The HDR metadata setting doesn't seem to affect the rendering with the HDR monitor (LG 27 inch, can't recall the model). I'll test about this if I find another HDR monitor.

The problems after HDR is enabled

  • Too bright. Need a way to lower the overall intensity.
  • SRGB vs Linear issue. With SDR I let it output to R8G8B8A8_SRGB swap chain. But not it outputs to a _UNORM format. A manual gamma conversion is needed.

For now I simply apply the following calculations in the shader at a certain point:

        // apply a log10 and gamma conversion
        Result = log10(Result + 1);
        Result = pow(Result, 0.454545f);

This is just the first step of HDR support. I'll test it on more HDR monitors and refine the formula.

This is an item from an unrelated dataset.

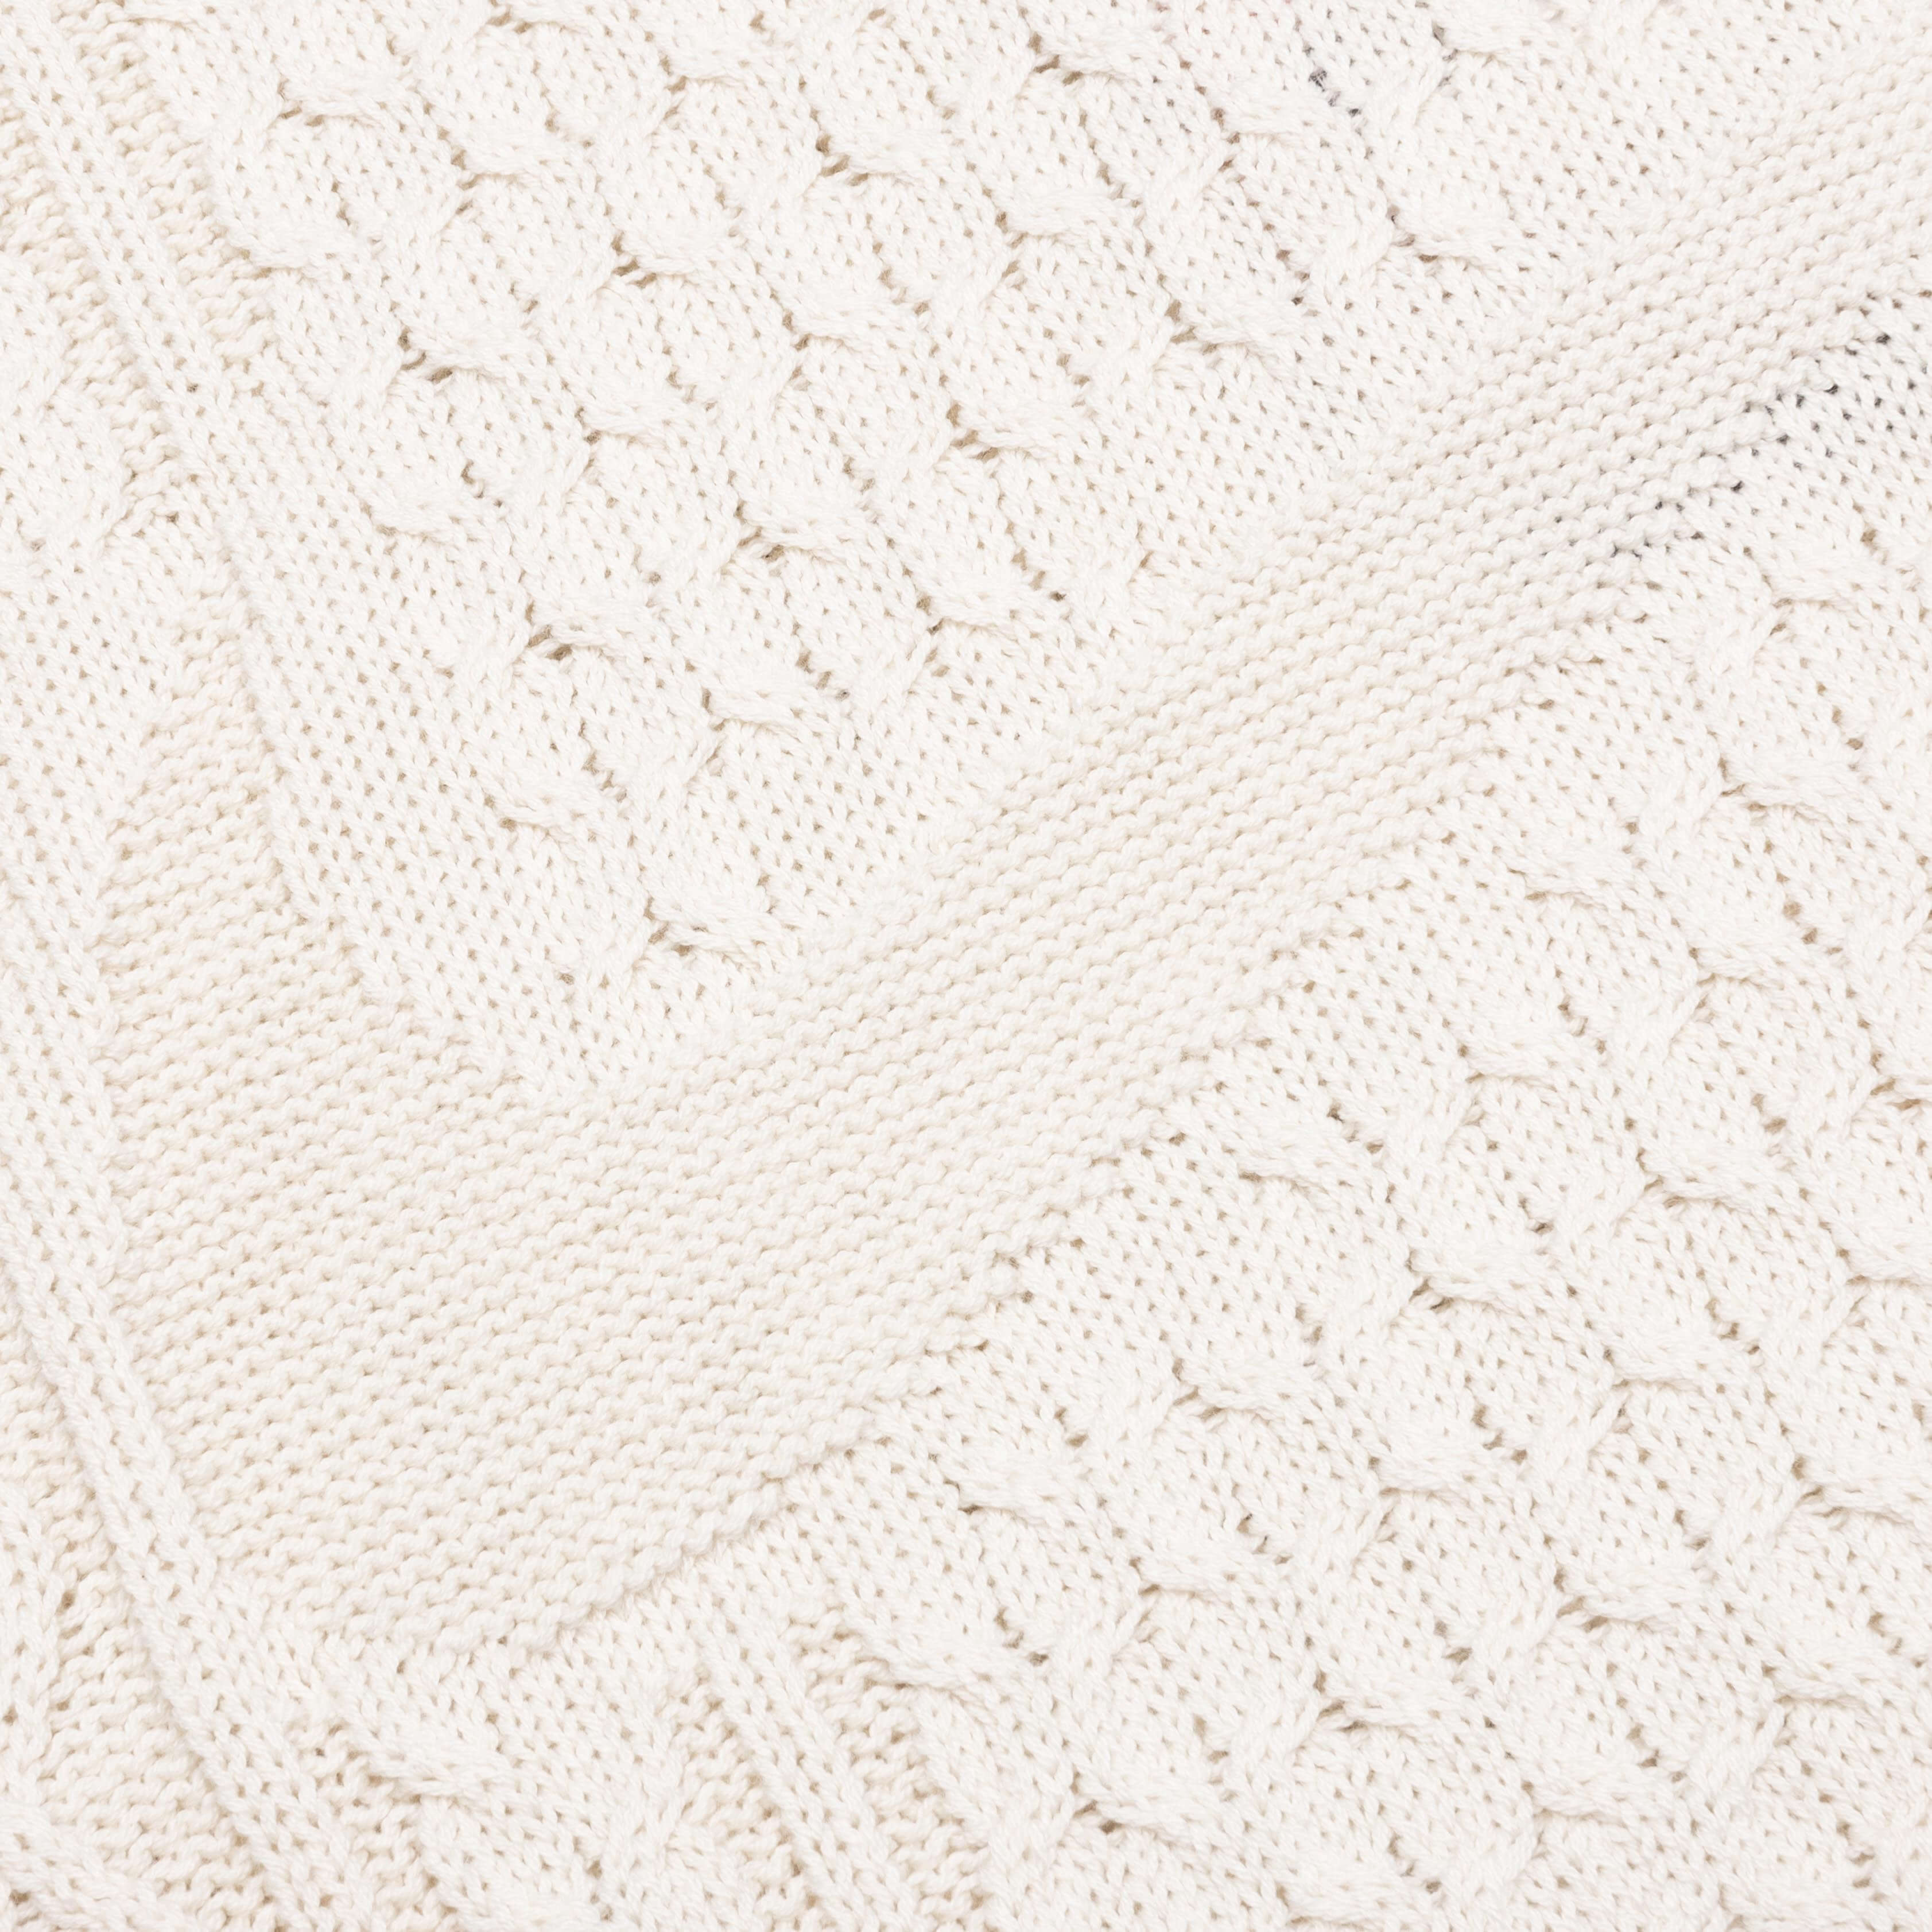 Nike Life Cable Knit Turtleneck Sweater - Light Bone, , large image number null
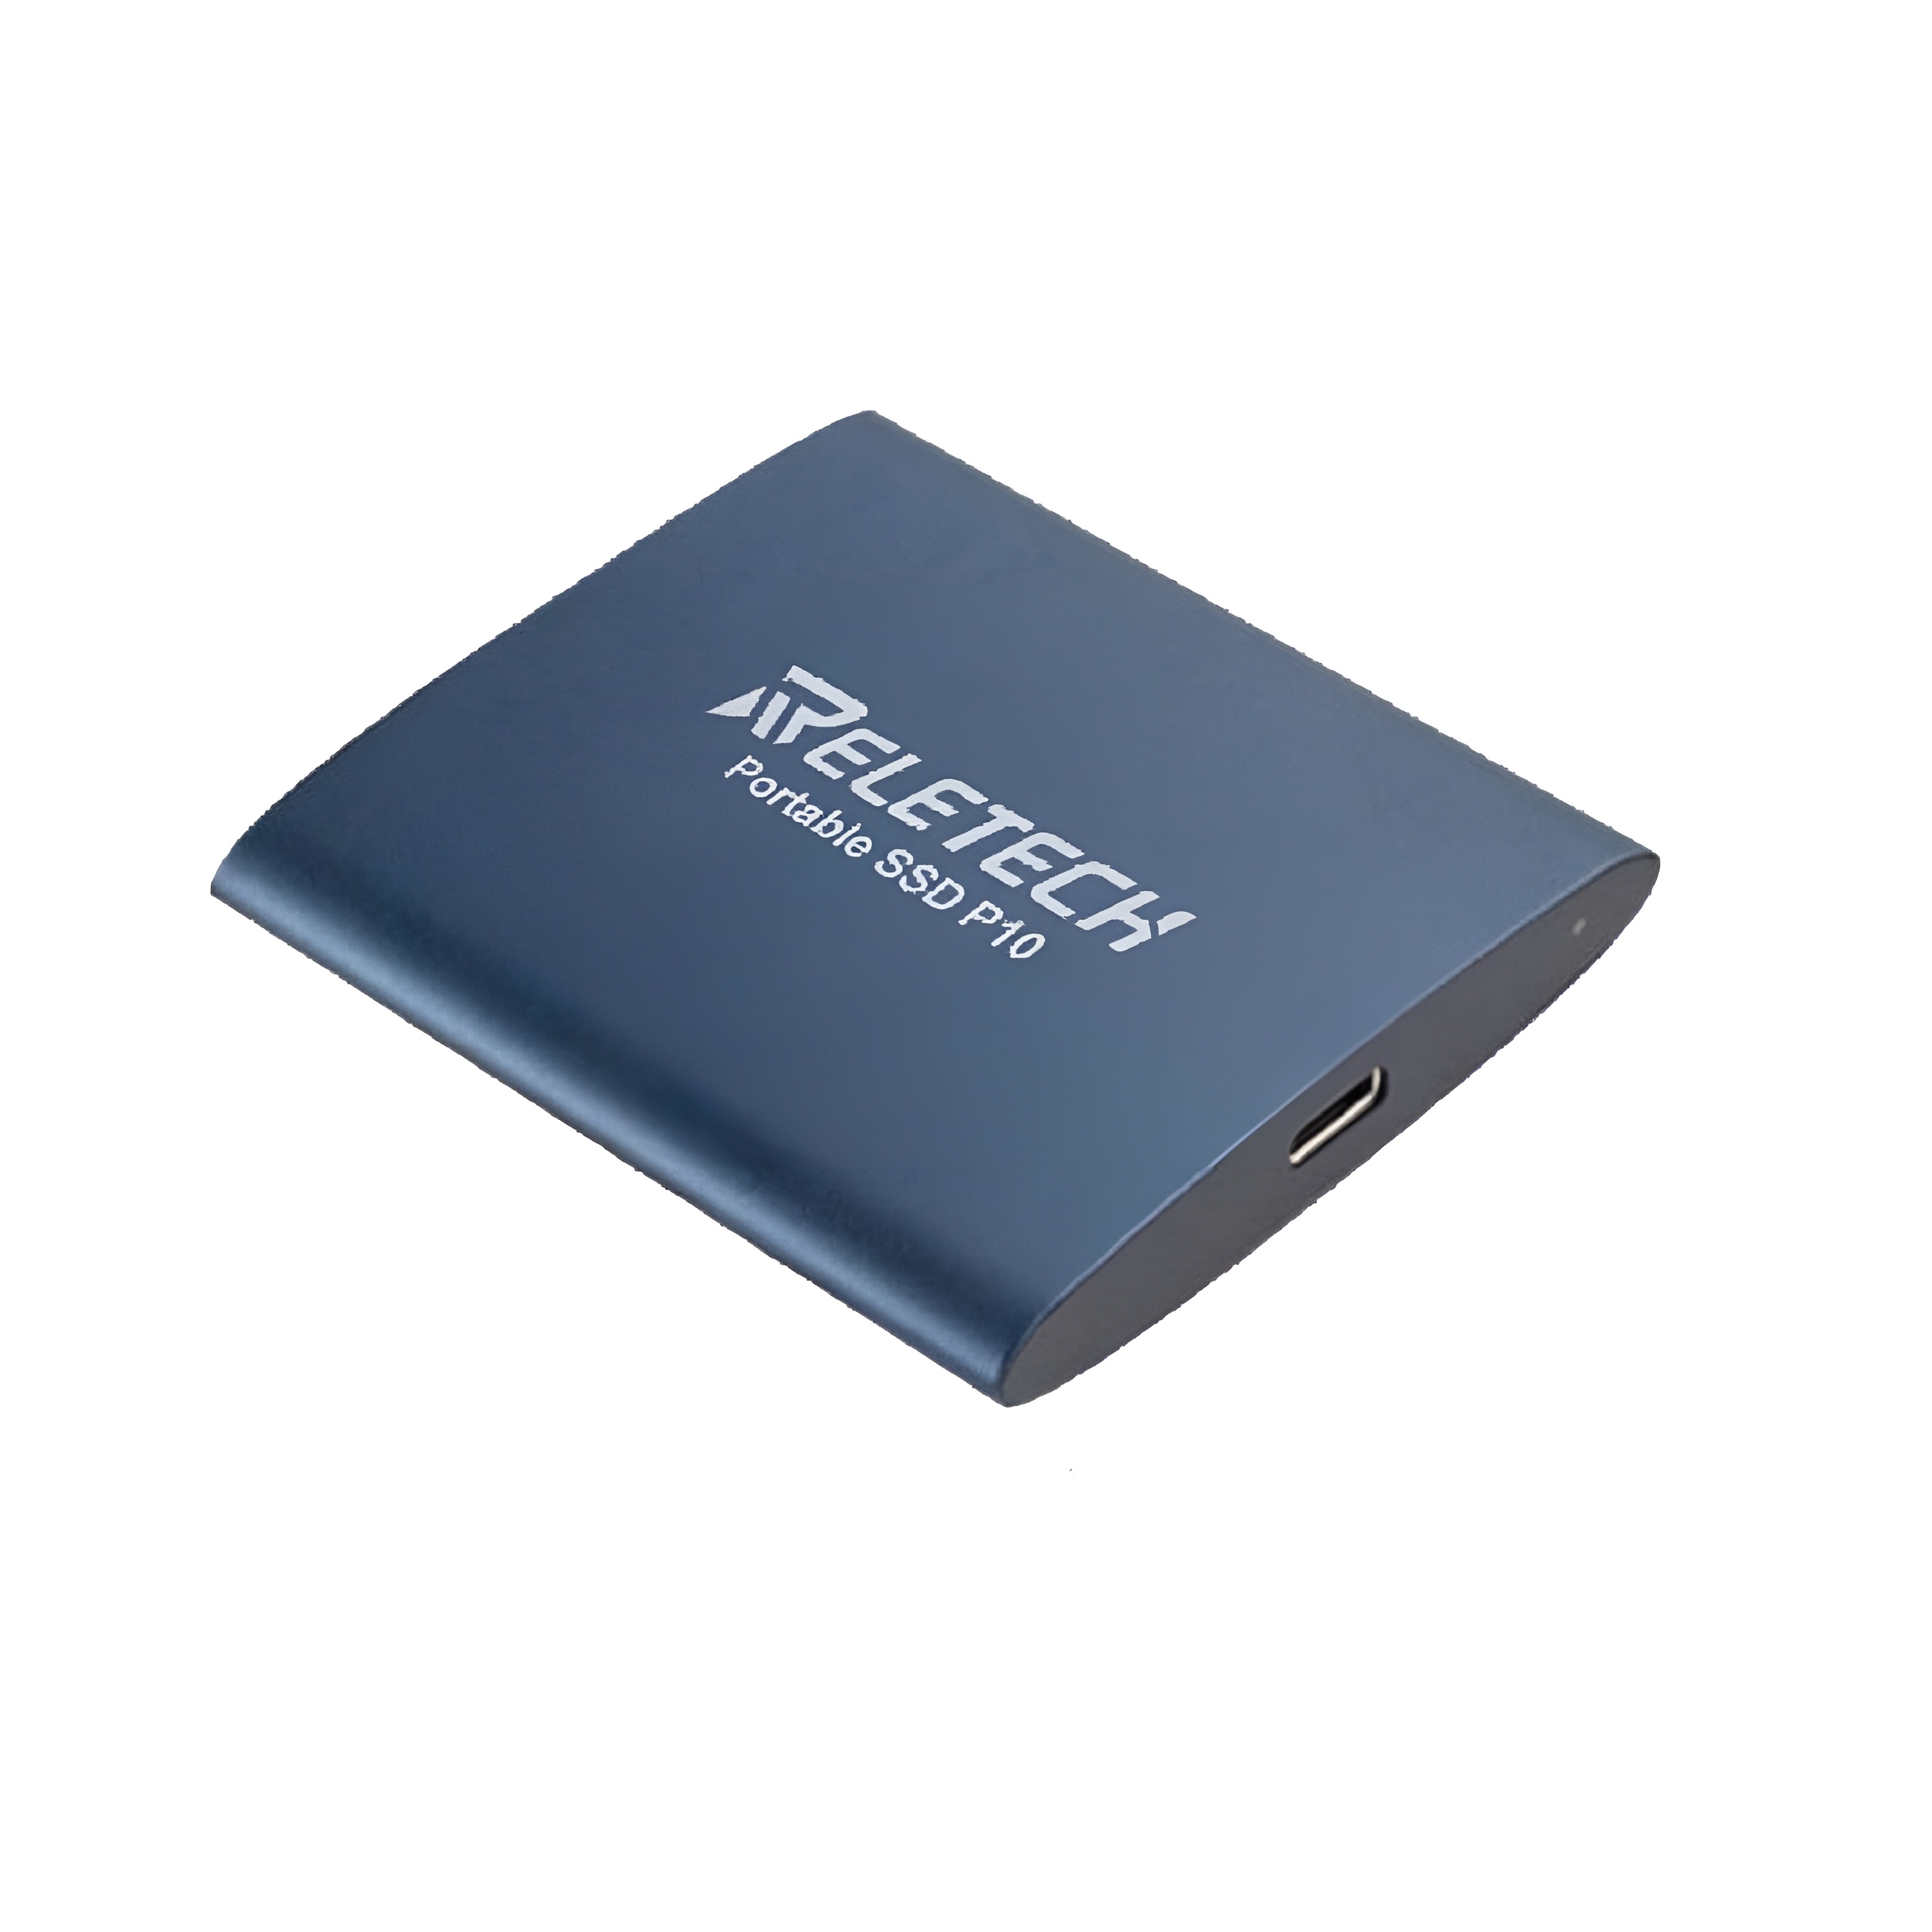 Фото — SSD Reletech P10 portable SSD 2TB, синий

Compilation-Free Parameter Node

Sorry for the bad quality gif. Original link: https://i.imgur.com/TjXw7nD.gifv

In brief, generated material shader code is now like this:

cbuffer PassConstant : register(UHMAT_BIND)
{
	int Node_1331_Index;
	int Node_1341_Index;
	int Node_1357_Index;
	int Node_1363_Index;
	float3 Node_55381;
	float Padding0;
	float3 Node_1318;
	float Node_1315;
	float Node_1373;
	float Node_1347;
	float Node_1350;
	int DefaultAniso16_Index;
	float GCutoff;
	float GEnvCubeMipMapCount;

}

UHMaterialInputs GetMaterialInput(float2 UV0)
{
	// material input code will be generated in C++ side
	float4 Result_1363 = UHTextureTable[Node_1363_Index].Sample(UHSamplerTable[DefaultAniso16_Index], UV0);
	float4 Result_1357 = UHTextureTable[Node_1357_Index].Sample(UHSamplerTable[DefaultAniso16_Index], UV0);
	float4 Result_1341 = UHTextureTable[Node_1341_Index].Sample(UHSamplerTable[DefaultAniso16_Index], UV0);
	Result_1341.xyz = DecodeNormal(Result_1341.xyz, true);
	float4 Result_1331 = UHTextureTable[Node_1331_Index].Sample(UHSamplerTable[DefaultAniso16_Index], UV0);
	
	
// before the change, the parameter translation is hardcoded as:
	
// float3 Node_55381 = float3(0.85f,0.23f,0.61f);
	
// float Node_1350 = 0.87f;
	
// after the change, the shader reads the value from cbuffer directly

	UHMaterialInputs Input = (UHMaterialInputs)0;
	Input.Opacity = 1.0f;
	Input.Diffuse = float3(float3(Node_1318.r, Node_1318.g, Node_1318.b).r, Node_55381.g, Node_55381.b).rgb.rgb;
	Input.Occlusion = Node_1315.r;
	Input.Specular = (float3(Node_1318.r, Node_1318.g, Node_1318.b).rgb * Result_1331.rgb).rgb;
	Input.Normal = (Node_1315 * Result_1341.rgb).rgb;
	Input.Metallic = (Node_1315 * Result_1357.rgb).r;
	Input.Roughness = (Result_1363.rgb * Node_1373).r;
	Input.FresnelFactor = Node_1347.r;
	Input.ReflectionFactor = Node_1350.r;
	Input.Emissive = float3(0,0,0);
	return Input;
}

When setting up the cbuffer structure, I also aware the 16 bytes rule of a constant buffer:

void ParameterPadding(std::string& Code, size_t& OutSize, int32_t& PaddingNo, const size_t Stride)
{
	// this function detect before adding a parameter define, see if it's padding to 16 bytes
	// that's the cbuffer rule
	const size_t CurrOffset = OutSize % 16;
	const size_t AfterSize = CurrOffset + Stride;
	if (AfterSize > 16)
	{
		// need to padding
		for (size_t Idx = 0; Idx < (16 - CurrOffset) / 4; Idx++)
		{
			Code += "float Padding" + std::to_string(PaddingNo) + ";\n";
			PaddingNo++;
		}
		OutSize += 16 - CurrOffset;
	}
}

So that it won't read the wrong value introduced by 16 bytes alignment. Which is an important detail! Remember DON'T define padding parameter as float Padding[N]; Arrays will break the alignment behaviour.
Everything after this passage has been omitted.